All corners of British and Irish wrestling Twitter were quick to point out their incredulity at the clumsiness of the title, and I couldn’t help but wonder if anyone who works there explained the potential connotations of “NXT UK Takeover Dublin.” If lots of fans on Twitter noticed it, then surely the staff of NXT UK noticed it too? Did they tell anyone, or was the meeting room akin to the press conference where Triple H slut-shamed Paige to a reception of brown-nosed titters?
Of course, intentions matter. I don’t believe that the WWE intended to align their event with a centuries-old conflict; it’s an example of their oblivious political sledgehammer.
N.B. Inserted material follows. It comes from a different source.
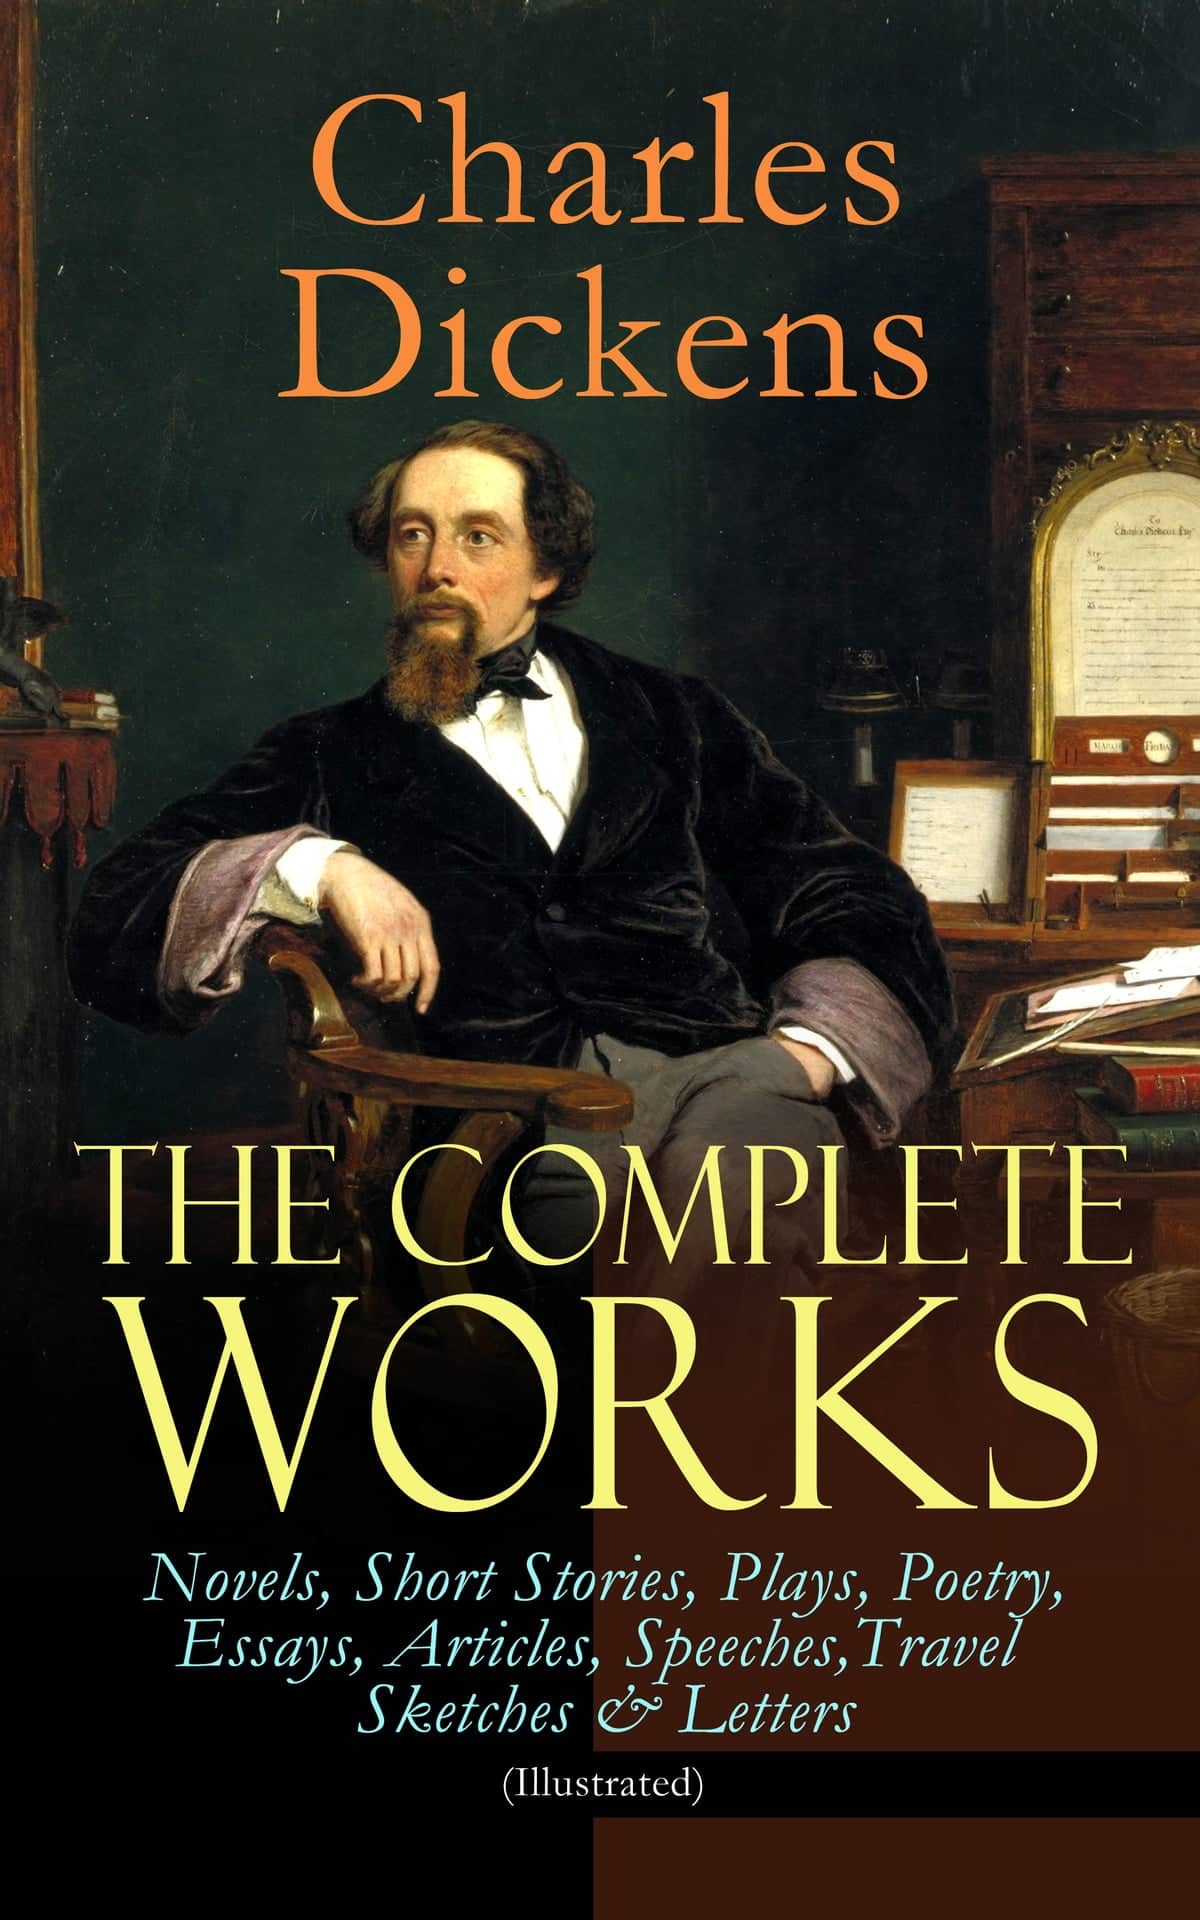 All about Charles Dickens's works

It’s a trait of the WWE, forcing their way into politics, that shows no sign of slowing down and if we’re looking at intentions, it’s important to consider what they are.
The most contentious political debate stemming from the WWE is what they are doing in Saudi Arabia. WWE will tell you that they are breaking barriers and having women perform in a country that has historically restricted their rights. There are those that claim that they are bringing entertainment to a country that is trying to move in a more progressive direction.
As I stated, intentions matter. WWE went to Saudi Arabia because they got paid fifty million dollars for each event. The discourse on how to improve women’s rights in a nation like Saudi Arabia was never a concern of theirs but was inherently linked into the decision to watch, review and critique for everyone connected to professional wrestling. The fan wasn’t able to separate themselves from those issues and was forced to take a stance because of that WWE political sledgehammer.
Art and politics are inherently connected, and that is absolutely appropriate. Music, writing and professional wrestling all have the power to use their art as a platform for social and political change. AEW signing a transgender wrestler was a catalyst for difficult conversations. WWE steamrolling their way through the Middle East collecting huge cheques is not. They are not starting a Socratic conversation with the world, they are a bulldozer that destroys any reasonable debate.
So, is a decision to abandon WWE because of their political clumsiness redundant, as my friend claimed? In some ways, yes, but it also feels like a resistance to the cliched, tired tropes that have accompanied the discourse the WWE has created. “They just want to make a living” has been emblazoned all over Twitter whenever someone criticizes NXT UK talent, and the simplicity of the perceived dunk has led to a snowball effect. At this point, it feels like it’s a Pavlovian response, subliminally programmed during the “Then, Now, Forever” segment. Few seem to question how redundant and impotent the statement is. There are as many immoral ways to make a living as there are moral ways, and everybody is going to draw their line in a different place. What is devoid from that copy-paste response, is any recognition of the line being in different places for different people and, more importantly, any critical thought as to where the speaker’s own line might be.
And there it is.
I’ve answered my own question.
The wrestling on WWE TV being good or bad isn’t really important. What has been important is the thought process that has challenged my ethical and moral beliefs. While these should never be permanent decisions, it’s important that the fan is critical of what is presented to them. It’s important that we don’t become a group of people mumbling “they’re just making a living” or “switch it off if you don’t like it,” or worst of all “it’s only wrestling, it doesn’t matter.”